CUARTO.- Respecto a la pretensión impugnatoria de revocación de la sentencia y estimación del petitum reconvencional, sobre declaración resolutoria del contrato y los consiguientes daños y perjuicios, debe recordarse la doctrina jurisprudencial ya reiterada y expresiva de que en las obligaciones bilaterales o recíprocas como son las que por su naturaleza provienen del contrato cuestionado, la facultad de resolución parte de la base de que quien la ejercita haya cumplido con carácter previo, fielmente frente a la contraparte que haya dejado de hacerlo, dado que, bajo un aspecto, sería contraria a toda razón lógica- jurídica yendo contra el principio de que lo pactado tiene fuerza de obligar entre las partes, constituyendo un principio básico en materia de resolución contractual, aquel que niega dicha facultad al titular de una obligación recíproca que hubiera dejado de cumplir lo que a él le incumbía; es decir, para ejercitar la facultad resolutoria, el reclamante tiene que aparecer como fiel cumplidor, independientemente de la conducta atribuible a la parte contraria, pues en otro caso nos encontraríamos ante dos incumplimientos recíprocos, en vez del supuesto que contempla el precepto legal. Pues bien, con independencia de lo que señala al respecto la sentencia de instancia, conviene precisar que, ha venido a acreditarse en la litis, que la parte reconviniente, no cumplió las obligaciones contractualmente pactadas, en la medida en que dejó unilateralmente de abonar las certificaciones de obra que se habían ejecutado y se le presentaban al cobro, de suerte que, ante el impago, la empresa constructora acudió al requerimiento notarial, advirtiendo de la obligada e inmediata paralización de la obra, de suerte que mal puede reconocerse capacidad de postulación resolutoria a quien por su exclusiva y libre voluntad, se coloca en una situación de incumplimiento previo (impago) que provoca la actitud de defensa de sus intereses por parte del otro contratante. Resulta por ello correctamente rechazada la pretensión reconvencional en su conjunto.
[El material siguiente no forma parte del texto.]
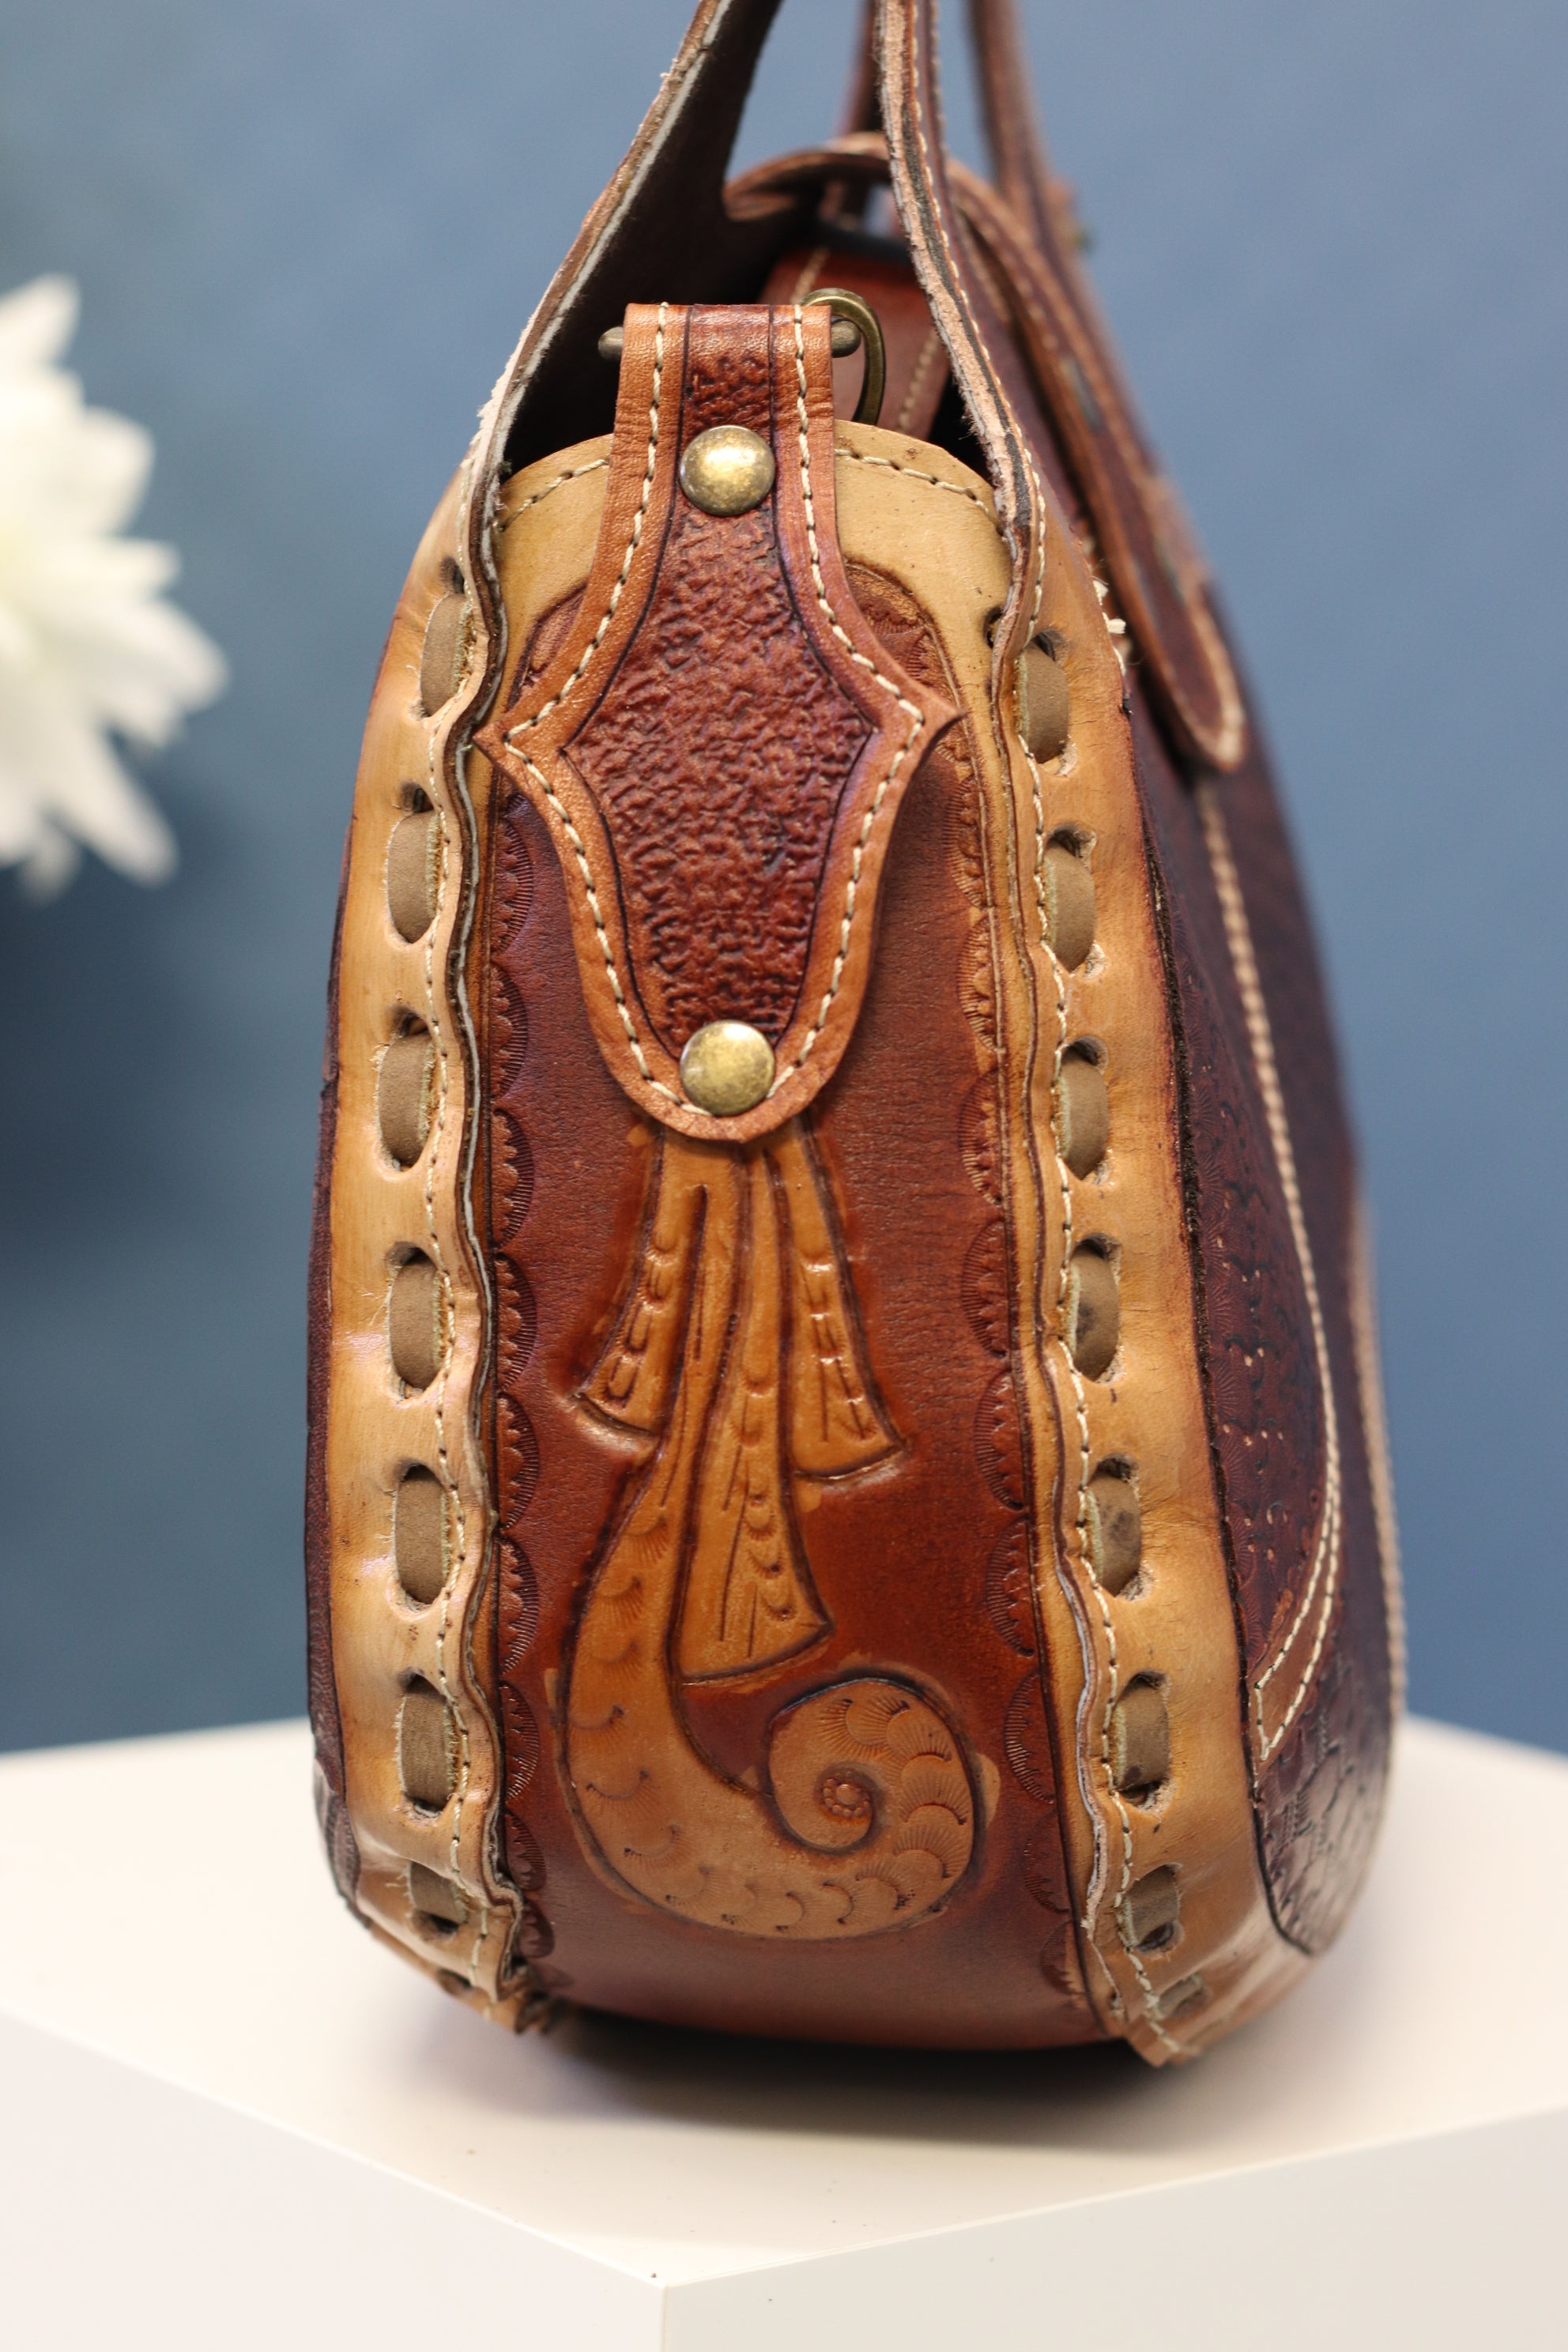 Brown Leather hand-tooled leather bag, purse, tote. Handbag top handled bag. Made by artisans in Central Mexico, shipping from the USA. A beautiful work of art. Buy Now at www.felipeandgrace.com

QUINTO.- De conformidad con lo prevenido en el art. 710 de la Ley de Enjuiciamiento Civil, la desestimación del recurso comporta la imposición, a la parte apelante, de las costas procesales de la alzada, al no apreciar la Sala la concurrencia de circunstancias excepcionales que justifiquen otro pronunciamiento.
En virtud de la Potestad Jurisdiccional que nos viene conferida por la Soberanía Popular y en nombre de S.M. el Rey.
FALLAMOS
Desestimando el recurso de apelación interpuesto por el Procurador Dª. Alejandra Freire Riande, en nombre y representación de D. Severino A, contra la sentencia de fecha 4 de noviembre de 1999, dictada por el Juzgado de Primera Instancia núm. 2 de Pontevedra, confirmamos la misma, con imposición, a la parte apelante, de las costas procesales de la alzada.